(Recorded data begins)

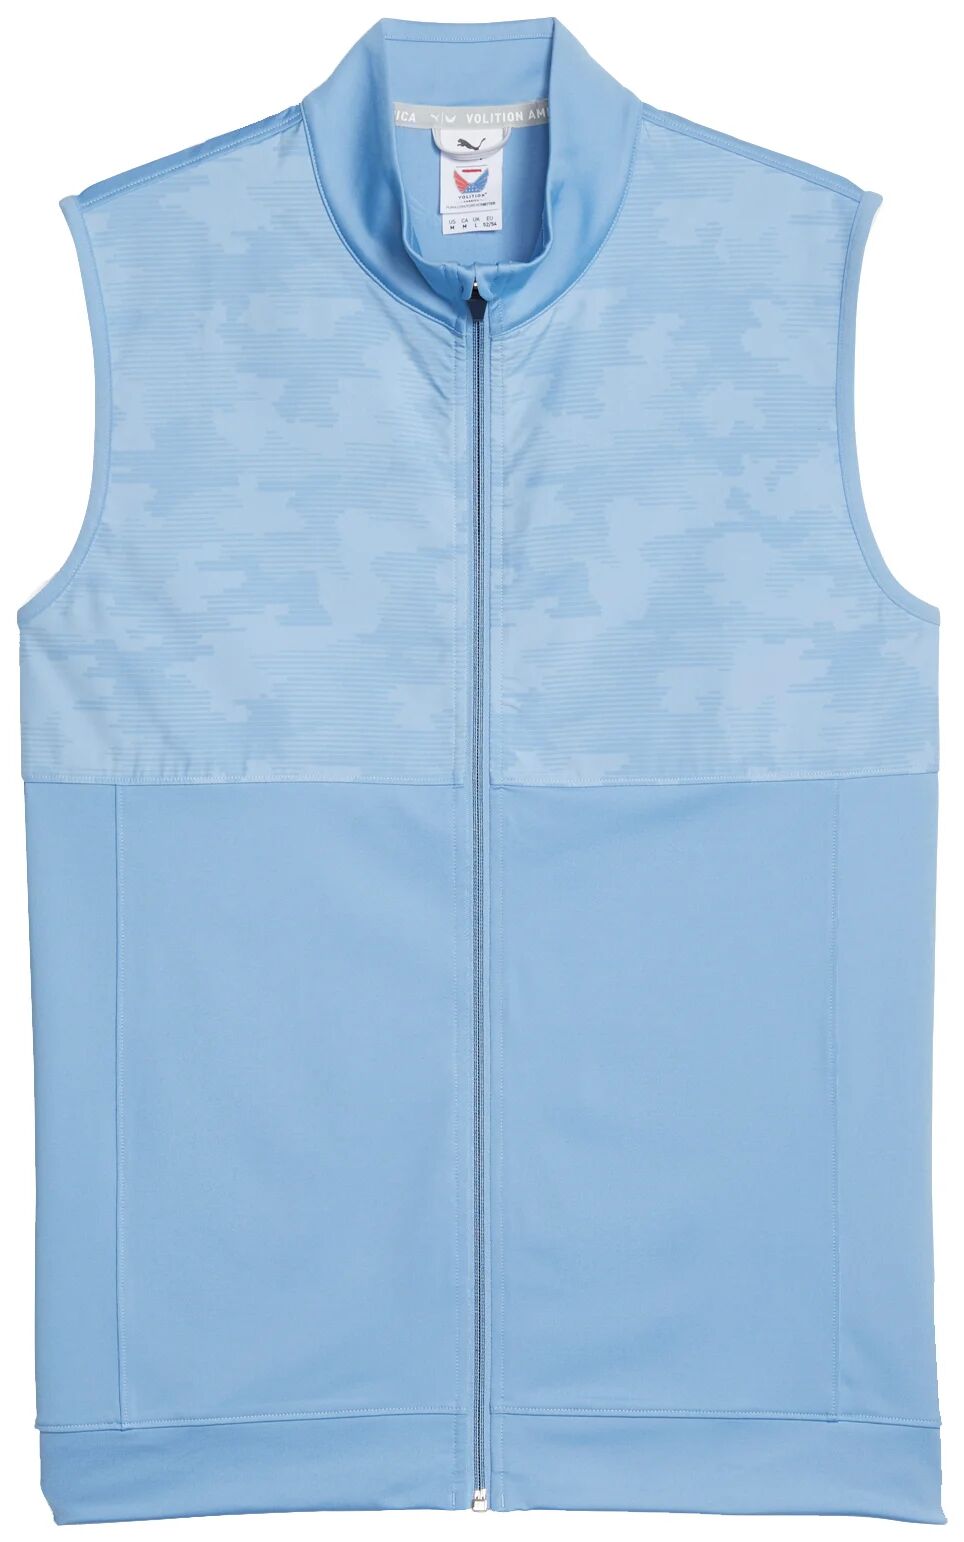 Puma Volition Camo Cover Men's Golf Vest - Blue, Size: Medium
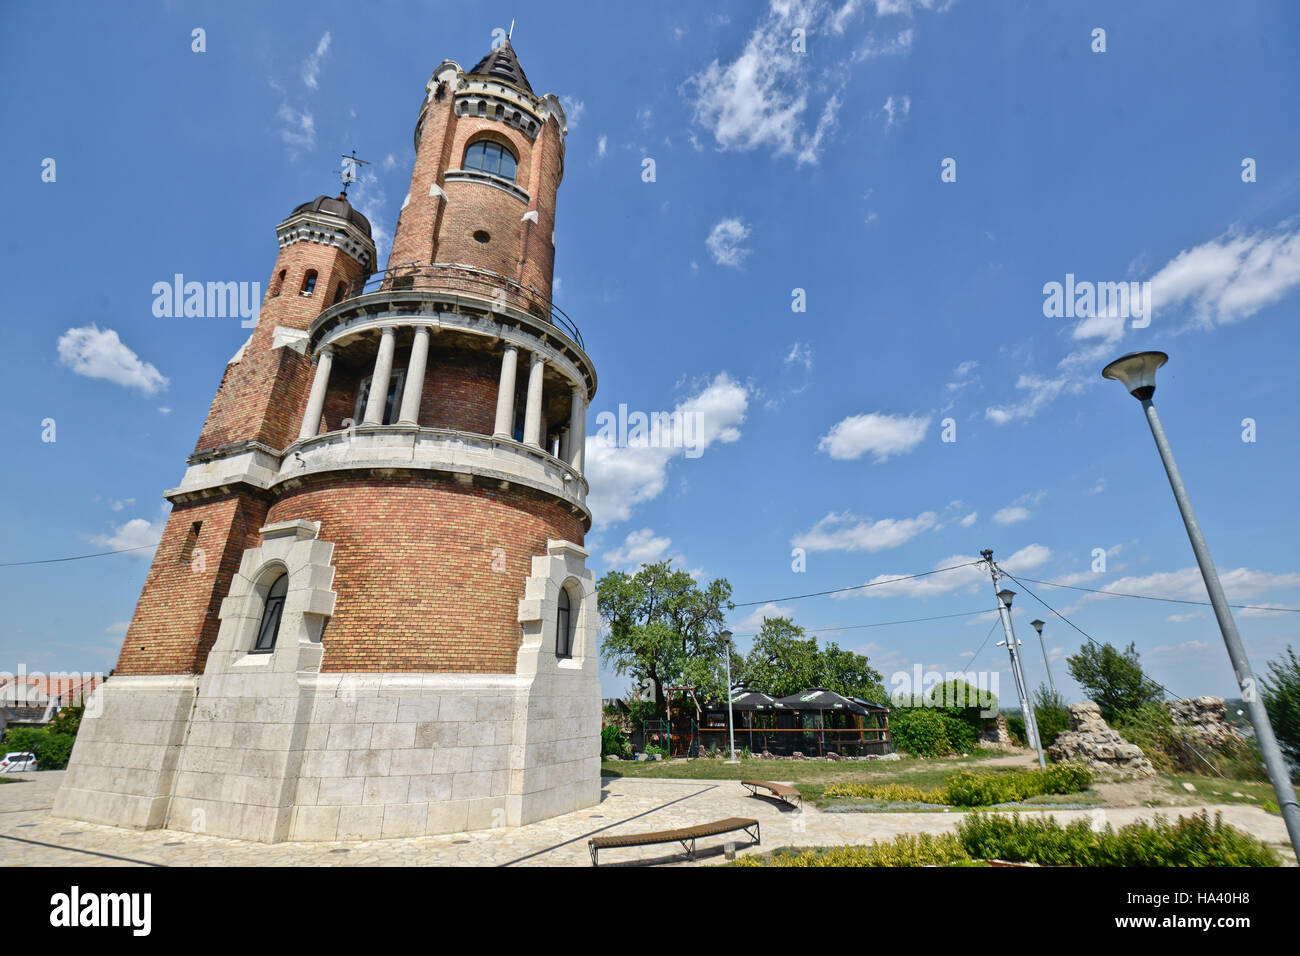 Gardoš Turm oder Millennium Tower, und auch bekannt als Kula Sibinjanin Janka. Stadtteil Zemun, Belgrad, Serbien Stockfoto
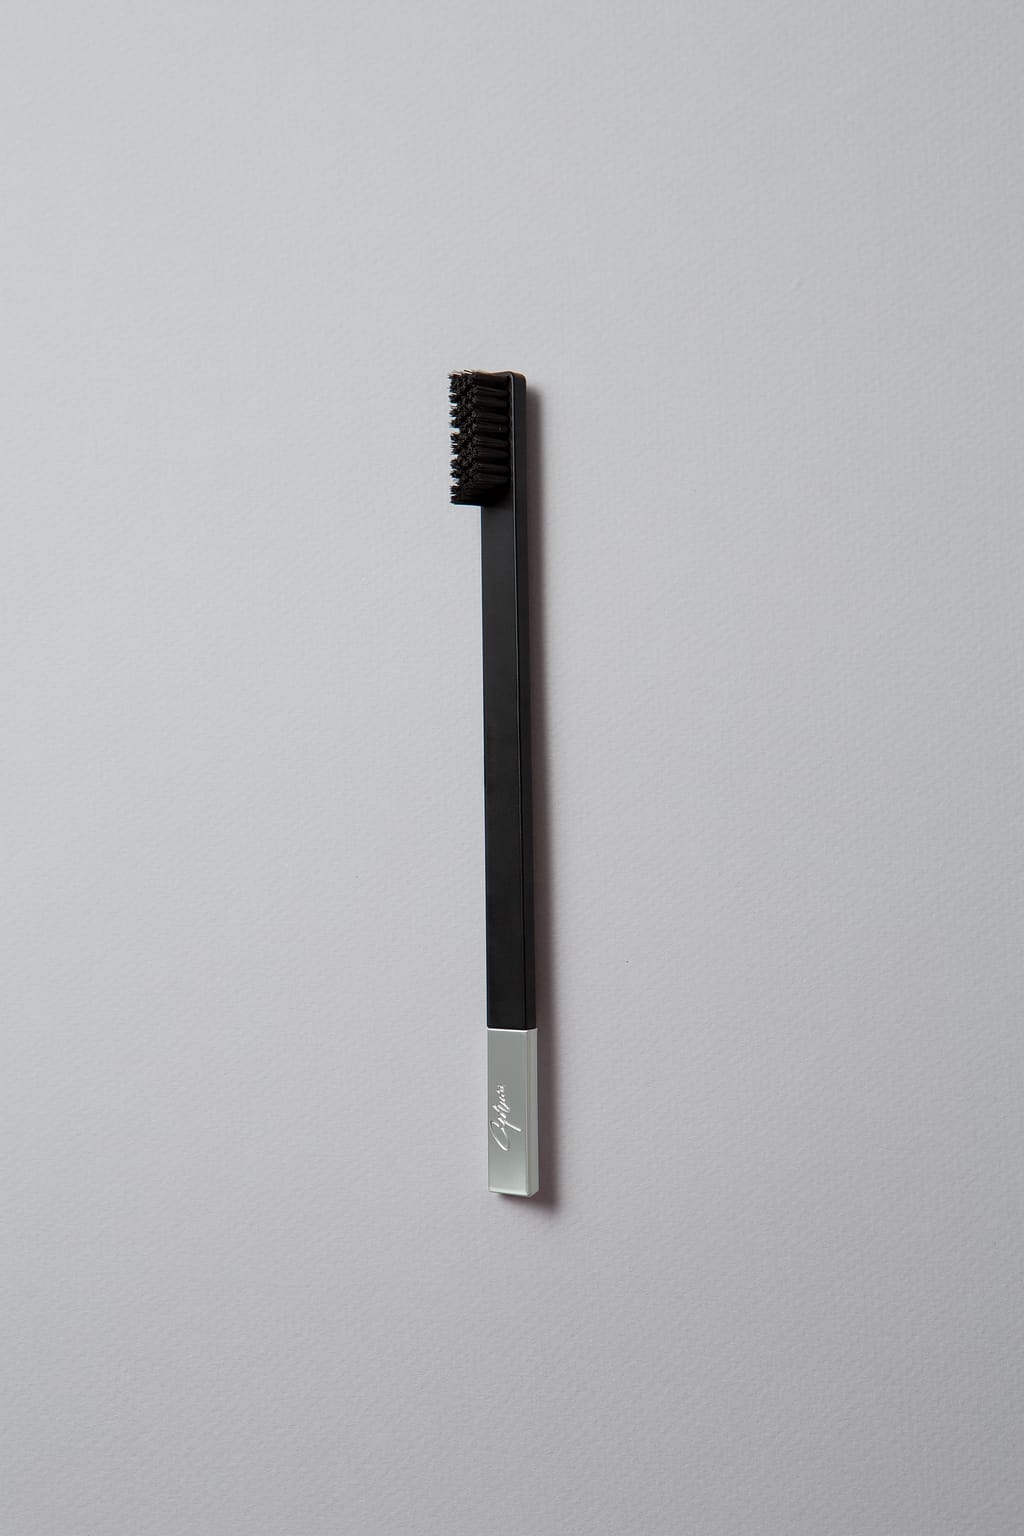 Black Silver designer toothbrush SLIM by Apriori

(Recorded data ends)

Aim of the task: Reproduce the data word for word without its images.

Reply to the task:
 Puma Volition Camo Cover Men's Golf Vest - Blue, Size: Medium
 Gardoš Turm oder Millennium Tower, und auch bekannt als Kula Sibinjanin Janka. Stadtteil Zemun, Belgrad, Serbien Stockfoto
 Black Silver designer toothbrush SLIM by Apriori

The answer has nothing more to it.